● Activity:
Pictures appear among the records below and must be omitted. Repeat exactly the lines from the line with "Enterprise Lubricants" to the line with "Lyceum, La Habana, Exposición", both included.

##### Records supplied

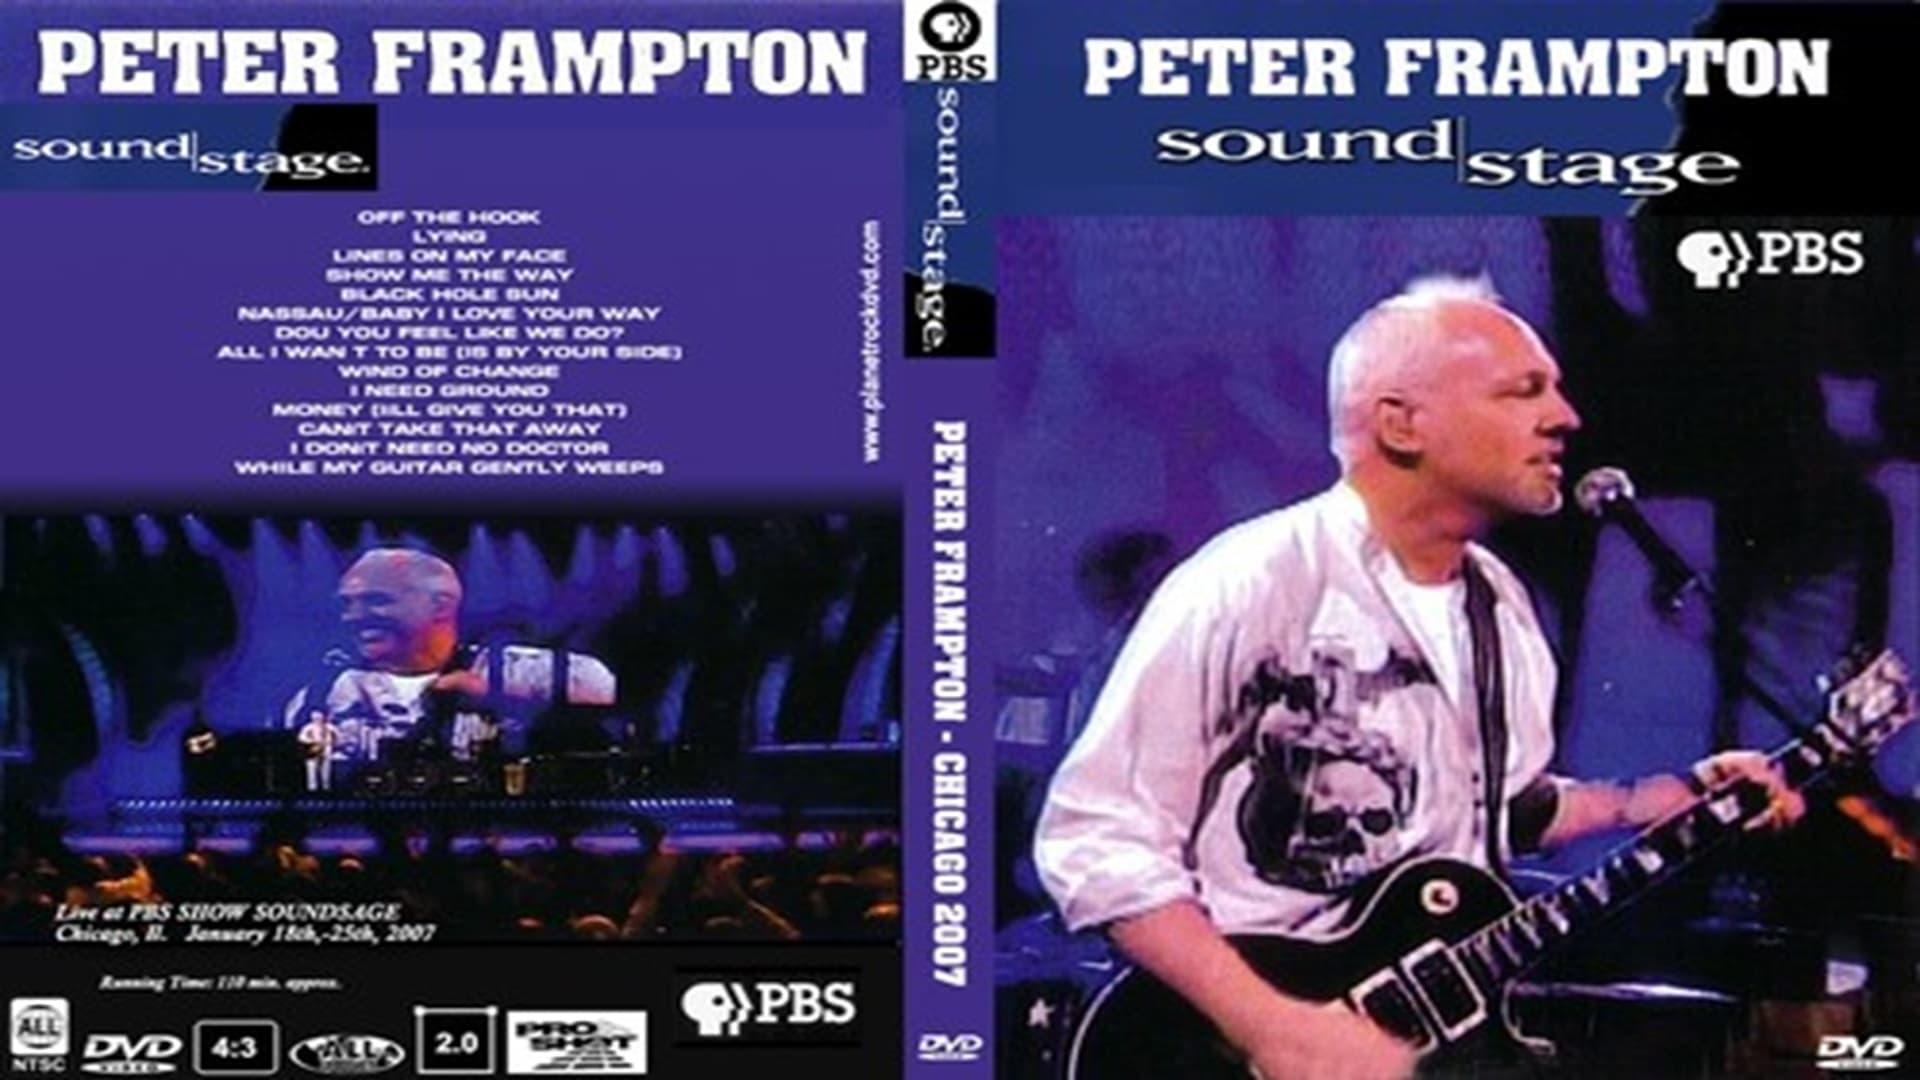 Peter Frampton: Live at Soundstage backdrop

##########
##### Records supplied

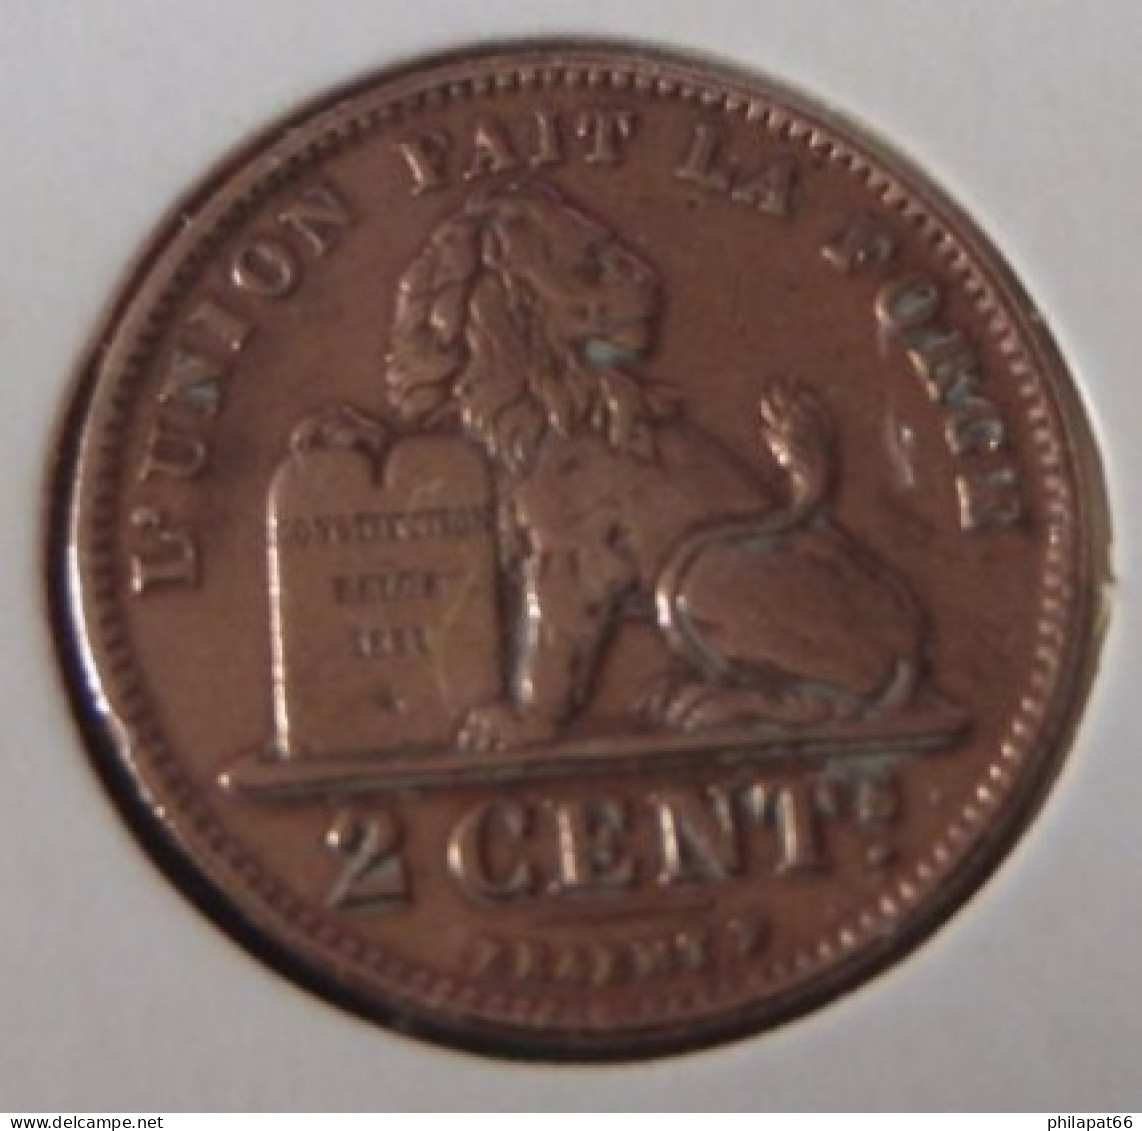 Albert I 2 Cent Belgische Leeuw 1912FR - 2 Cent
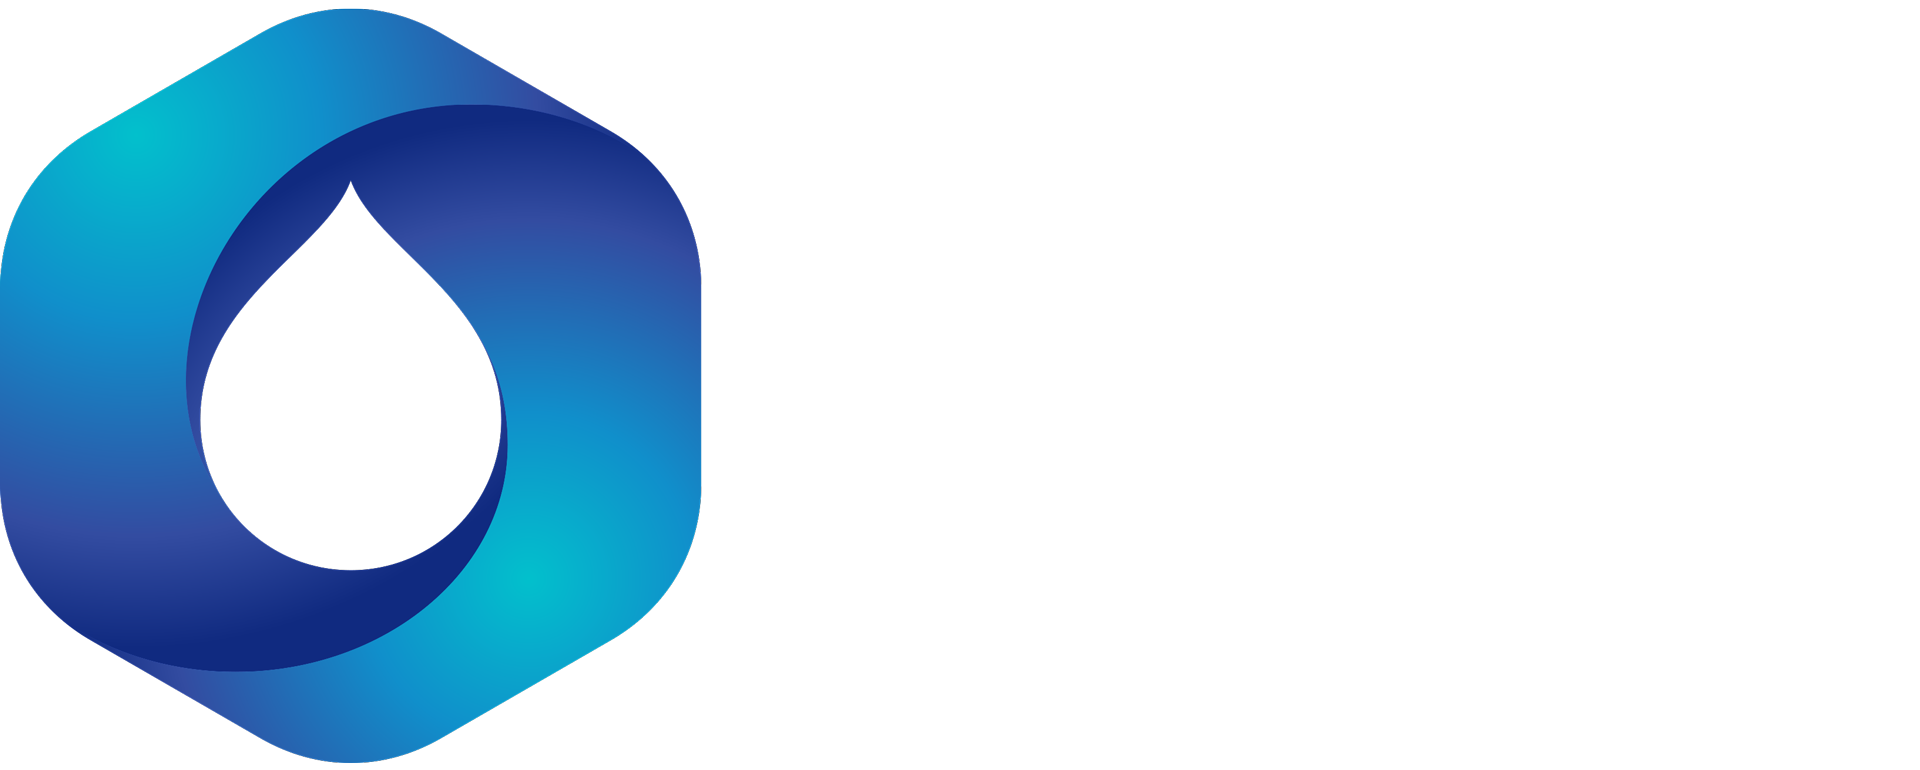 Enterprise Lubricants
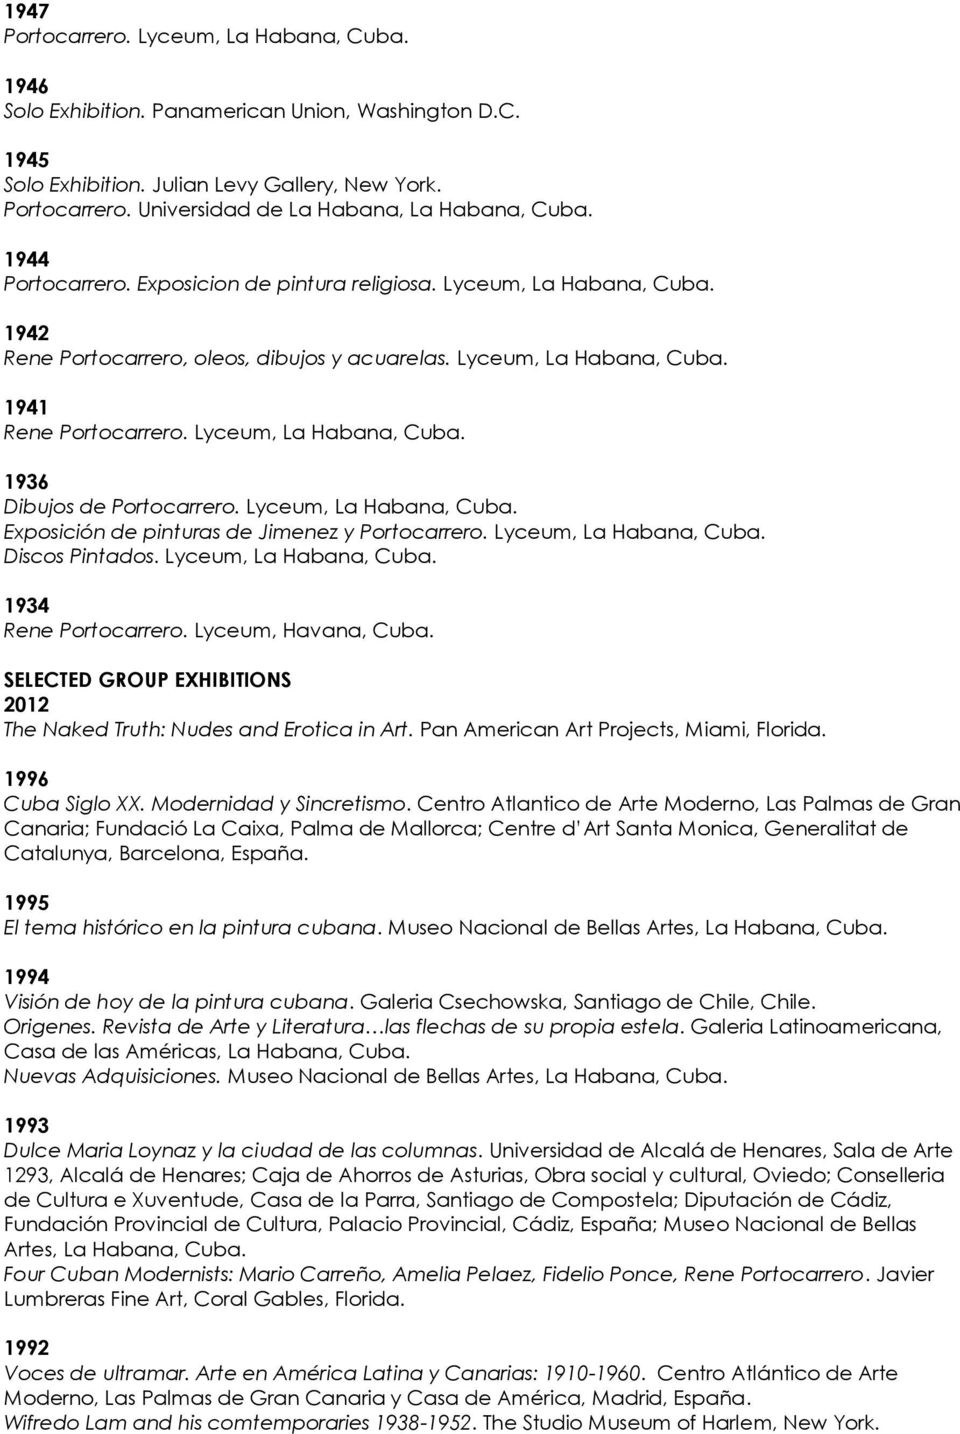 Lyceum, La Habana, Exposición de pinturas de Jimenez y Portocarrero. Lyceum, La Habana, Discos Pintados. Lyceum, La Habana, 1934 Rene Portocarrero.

##########

● Completed exercise:
 Enterprise Lubricants
 Lyceum, La Habana, Exposición de pinturas de Jimenez y Portocarrero. Lyceum, La Habana, Discos Pintados. Lyceum, La Habana, 1934 Rene Portocarrero.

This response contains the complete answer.